The image is deferenced to

  http://www.acme.com/icons/logo.gif

In the absence of a BASE element the document URL should be used. Note that this is not necessarily the same as the URL used to request the document, as the base URL may be overridden by an HTTP header accompanying the document.

The LINK Element

The A element is used to define source and destination anchors for hypertext links that users can choose to follow as they wish. In contrast, the LINK element can be used to bind HTML elements to various kinds of resources, e.g. style sheets, optimal color palettes, scripts, alternative forms of the document, and navigation links (tables of contents, document index, previous and next pages, copyright notices).

The LINK element denotes a semantic link whose source anchor is the entire containing document or resource. The role of the link is expressed using the REL and/or REV attributes as described above for the anchor element.

The following example might appear in a section of chapter 2 of a book:

  <head>
    <link rel=parent href="chapter2.html">
  </head>

Example LINK elements:

    <LINK REL=Contents HREF=toc.html>
    <LINK REV=Contents REL=Chapter HREF=chap2.html>
    <LINK REL=Index HREF=index.html>
    <LINK REL=Previous HREF=doc31.html>
    <LINK REL=Next HREF=doc33.html>

A range of relationship values have been proposed for a variety of applications. To avoid the difficulties in maintaining a centralized registry for relationship names, you can name a profile with a URL. This is explained below.

LINK can be used to specify linked style sheets, e.g.

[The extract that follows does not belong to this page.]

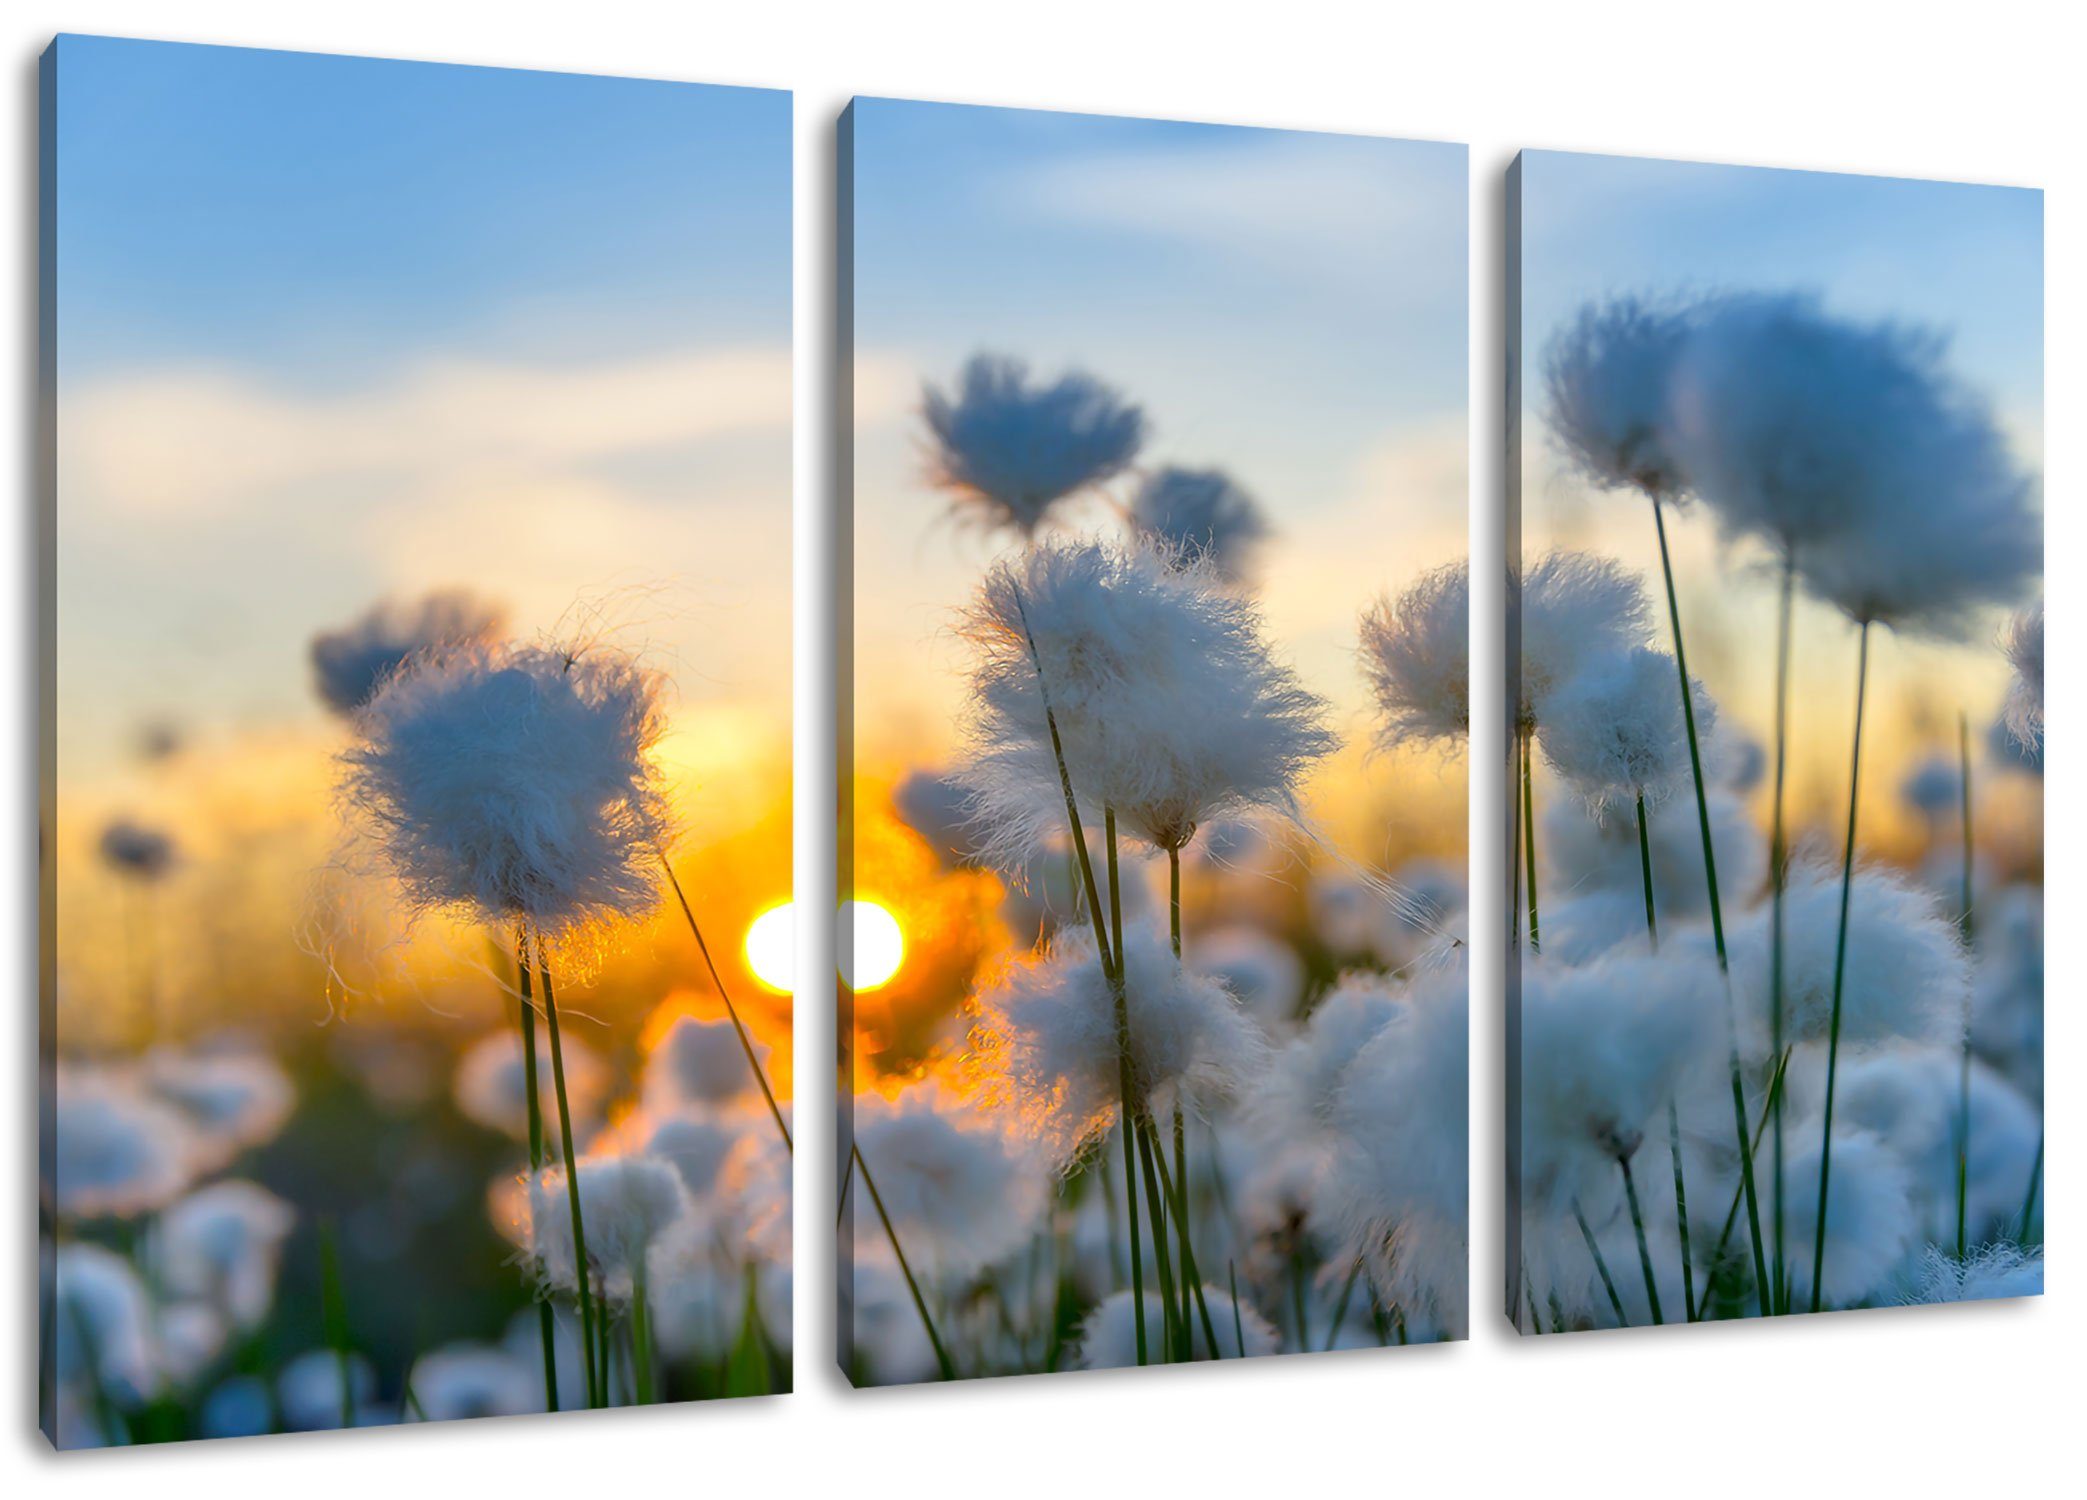 Leinwandbild 3Teiler Leinwandbild Baumwollblüten im Pixxprint (120x80cm) Sonnenuntergang St), Sonnenuntergang, bespannt, (1 inkl. Baumwollblüten Zackenaufhänger im fertig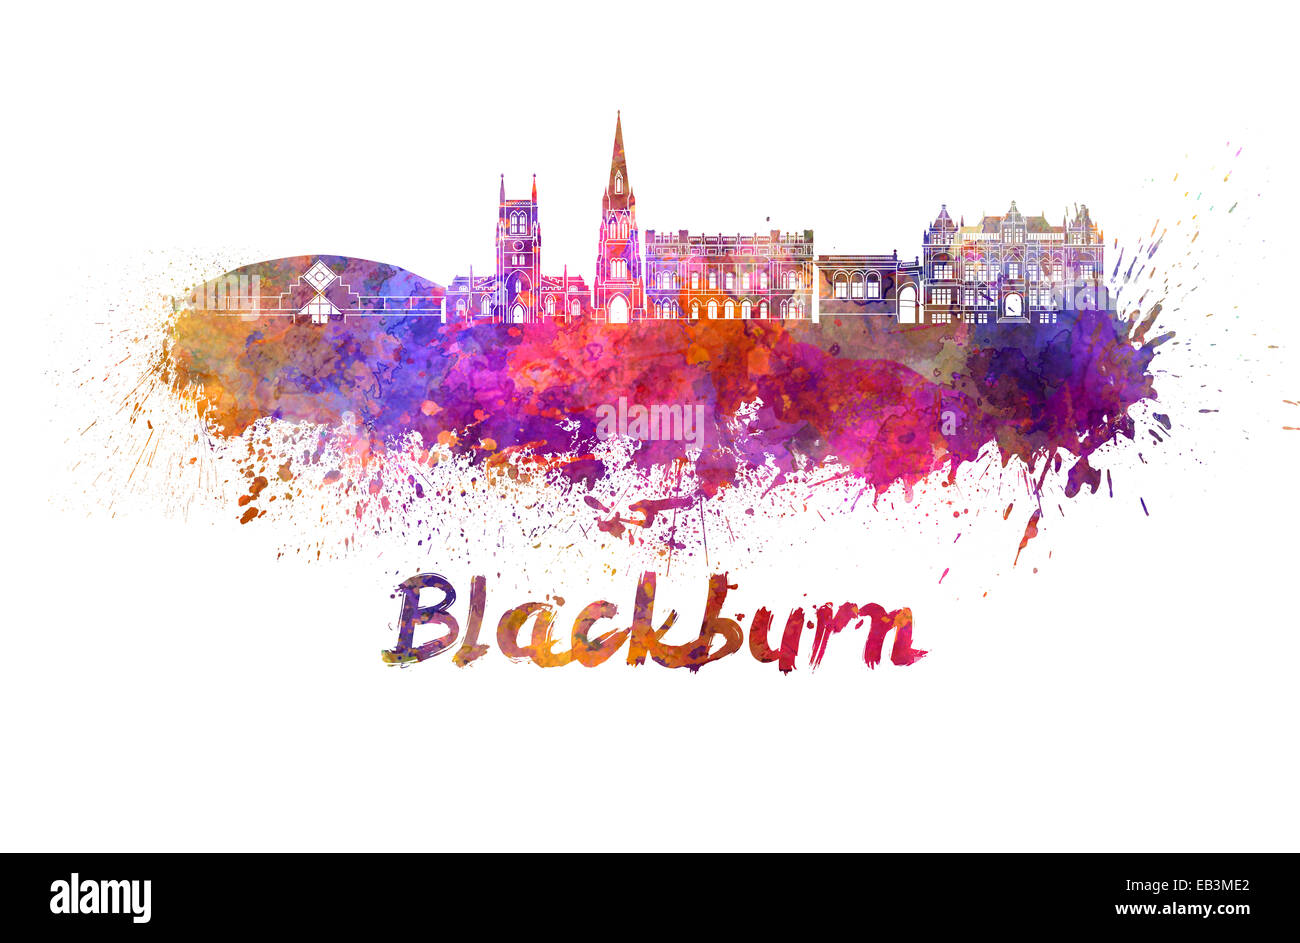 Blackburn skyline in watercolor splatters Stock Photo

    <LINK REL=stylesheet MEDIA=print HREF="corporate-print.css">
    <LINK REL=stylesheet MEDIA=screen HREF="corporate-screen.css">
    <LINK REL=stylesheet HREF="techreport.css">
    <STYLE TYPE="text/css">
        p.special { color: rgb(230, 100, 180) }
    </STYLE>

LINK can be used to specify a language variant of the current document, e.g.

    <LINK REL=alternate LANG=fr HREF="mydoc-fr.html">

You can also use LINK to specify alternative versions of the current document for use when printing, e.g.

  <LINK REL=ALTERNATE MEDIA=PRINT
        HREF="mydoc.ps"
        TYPE=application/postscript>

The MEDIA attribute is used to indicate that the resource pointed to by a LINK element is designed for a particular medium. The TYPE attribute can be used to specify the Internet Media type and associated parameters for the linked resource. This allows the user agent to disregard linked style sheets etc. in unsupported notations, without the need to first make a remote query across the network.

The META Element

The META element can be used to include name/value pairs describing properties of the document, such as author, expiry date, a list of key words etc. The NAME attribute specifies the property name while the CONTENT attribute specifies the property value, e.g.

  <META NAME="Author" CONTENT="Dave Raggett">

The HTTP-EQUIV attribute can be used in place of the NAME attribute and has a special significance when documents are retrieved via the Hypertext Transfer Protocol (HTTP). HTTP servers may use the property name specified by the HTTP-EQUIV attribute to create an RFC 822 style header in the HTTP response. This can't be used to set certain HTTP headers though, see the HTTP specification for details.

  <META HTTP-EQUIV="Expires" CONTENT="Tue, 20 Aug 1996 14:25:27 GMT">

will result in the HTTP header:

    Expires: Tue, 20 Aug 1996 14:25:27 GMT

This can be used by caches to determine when to fetch a fresh copy of the associated document.

A common use for META to specify a comma separated list of keywords that can be exploited by search engines to improve the specificity of search results:

  <META NAME="keywords" CONTENT="vacation,Greece,sunshine">

Some user agents support the use of META to refresh the current page after a few seconds, perhaps replacing it with another page, e.g.

  <META NAME="refresh" CONTENT="3,http://www.acme.com/intro.html">

The content is a number specifying the delay in seconds, followed by the URL to load when the time is up. This mechanism is generally used to show people a fleeting greetings page. You can think of it as as ushering you through a door into a room.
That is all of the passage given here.